The Right To Win
On practice, positioning, and choosing where to compete
read time 2.5 minutes
Last year, I spent a lot of time thinking about creating content. Film, photography, visual storytelling - all the things I used to do as a kid. I told myself I’d get back to it because I was ‘gifted’ and ‘had done it before.’
Then I actually started this year. New year’s resolution: post daily - one piece of writing, one visual. An uncomfortable realization hit fast.
Writing felt natural. I’d been practicing that through product work, writing on LinkedIn, and this newsletter. But the visual side? The world had moved on. Tools changed, platforms evolved, and my references felt dated. I knew how things had evolved as a consumer, but for a long time, I didn’t play the creator role.
I didn’t have the right to win in that space anymore - even though a younger version of me absolutely did. That 9th grader making videos was probably creating some of the best content for his age. But I’d stopped practicing, and those skills didn’t wait around for me to come back.
Potential expired.
What I did have was writing. I’d been practicing storytelling the whole time, just in different forms. Through product work. Through explaining complex systems. And eventually, through LinkedIn.
I started writing on LinkedIn about a year into my PM journey. Expanded to Substack a couple years after that. I was inconsistent at times, but I kept showing up. I was practicing publicly without even realizing it. Looking back now, I can see the breadcrumbs. And today, I have something I didn't have in film or photography anymore.
I call it the right to win.
What it actually means
The right to win is the strategic convergence of experience, consistent practice, and positioning. Not pure talent or passion - just sustained practice in a strategically chosen space.
I have it as a PM voice on LinkedIn and Product Rookies because I’ve worked at scale (Walmart, Adobe), practiced publicly for years, and positioned myself at the intersection of PM, storytelling, and AI. Those things compound.
I don’t have it as a filmmaker because I stopped that practice. But I’m rebuilding it now.
How companies think about it
When Google launched UCP (Universal Commerce Protocol) - a way for agentic shopping to connect directly to retailer inventory and supply chain - a lot of people panicked about the future of retail. ‘What if all shopping becomes Google Shopping?’
Seeing the news, I didn’t panic about Walmart - they still had the right to win. Google could handle discovery and checkout, but atoms still need to move. Walmart’s supply chain infrastructure, built over decades of practice, doesn’t disappear because software gets smarter. That practice was the moat.

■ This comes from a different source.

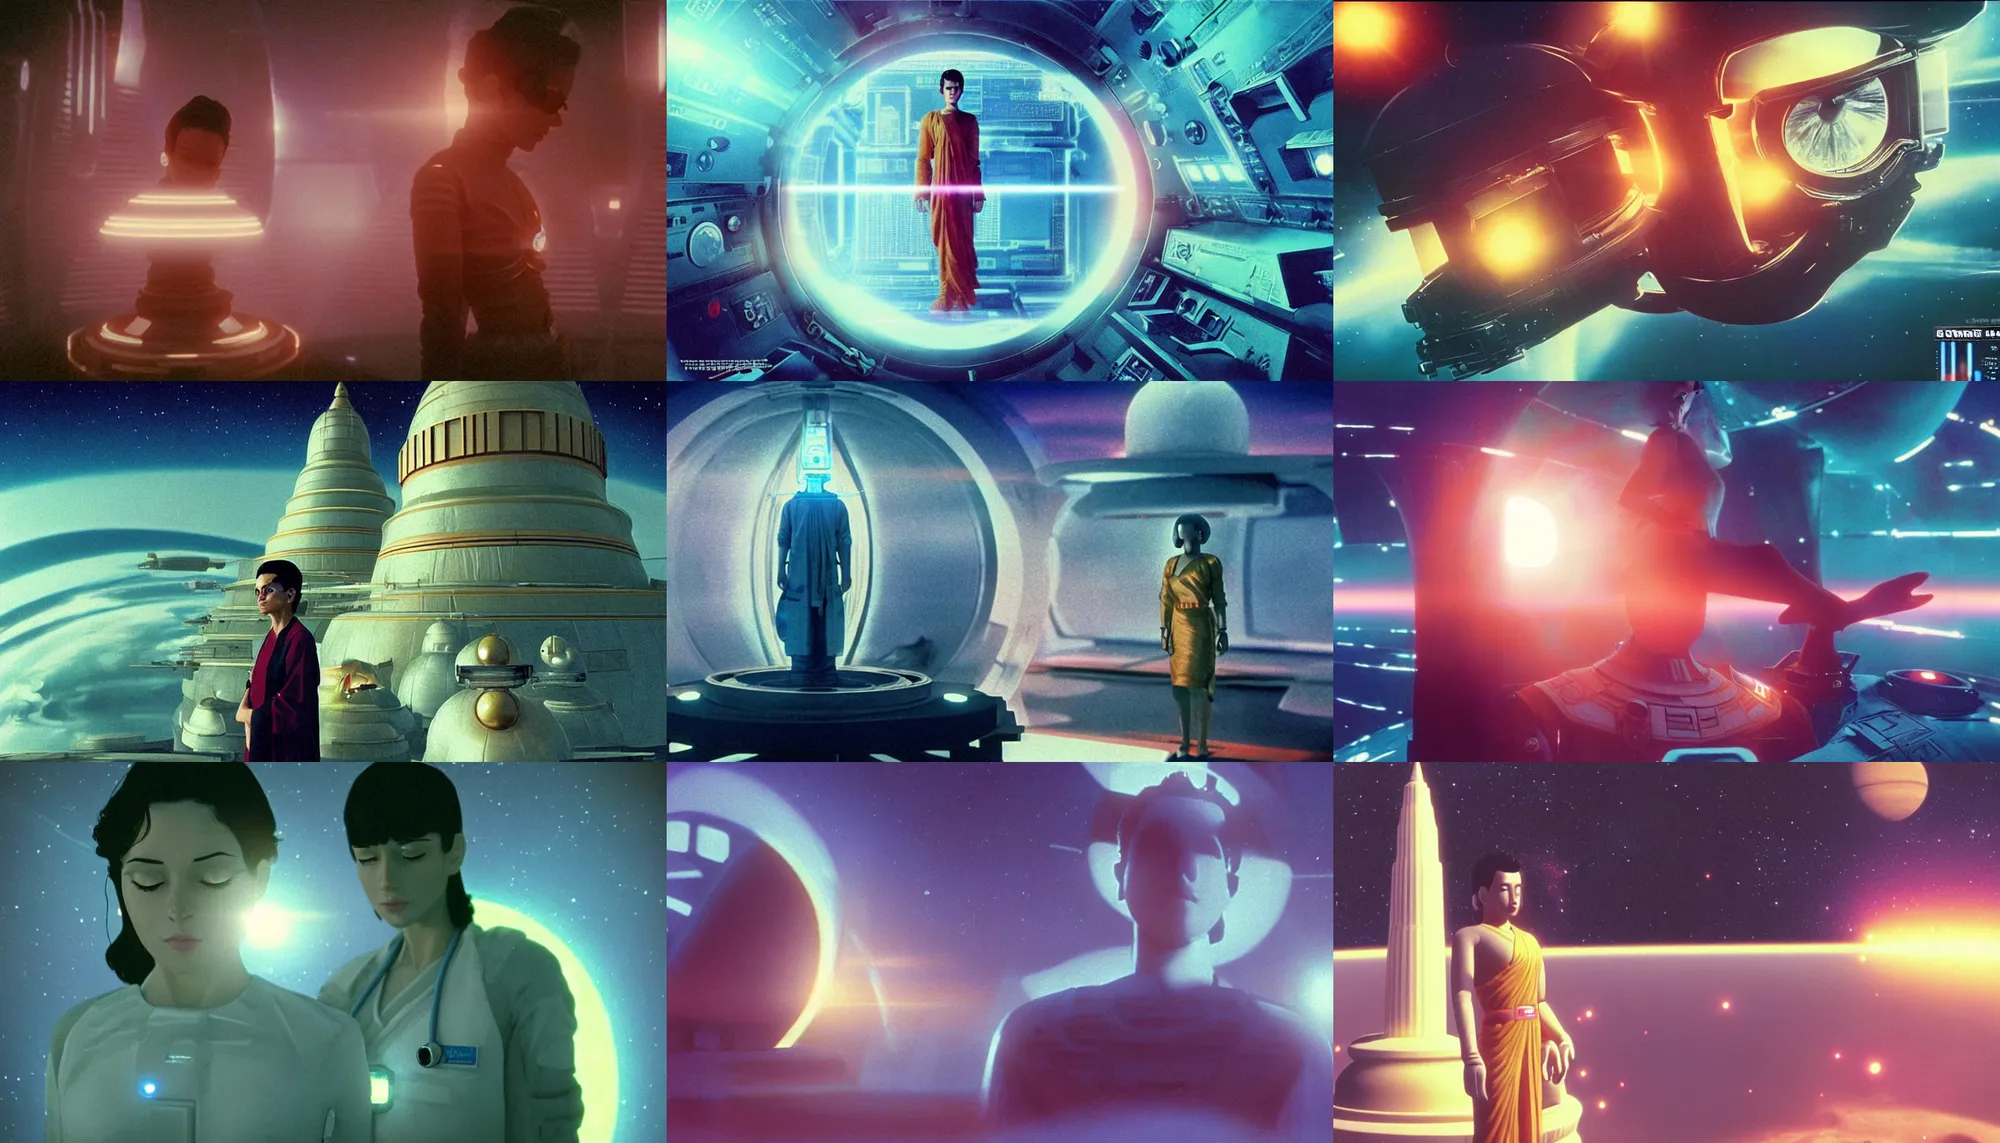 Prompt: Cinestill 50d, 8K, 35mm,J.J Abrams flare; beautiful ultra realistic vaporwave minimalistic shri yantra stupa pilot in space(1950) film still medical bay scene in 2000s frontiers in blade runner retrofuturism fashion magazine September moebius seinen manga style hyperrealism holly herndon edition, highly detailed, extreme closeup three-quarter pointé pose model portrait, tilt shift LaGrange point orbit background, three point perspective, focus on anti-g flight suit;open mouth,terrified, eye contact, soft lighting

Harvey AI has the right to win in legal AI because they’ve been building exclusively in that vertical, understanding the workflows, earning trust with law firms. That focus and repetition creates advantage.
The right to win shows up when experience, practice, and timing converge - not because you planned it perfectly, but because you stayed in the arena long enough for the pieces to align.
The strategic question(s)
So where do you have the right to win?
Not where you’re interested. Not where you have potential. Where have you actually been practicing? Where does your experience create leverage? Where are you positioned in a way that’s hard to replicate? And just as importantly: where do you want to win?
This is about choosing where to compete and doing the work to make that choice matter.
Potential doesn't give you the right to win, practice does.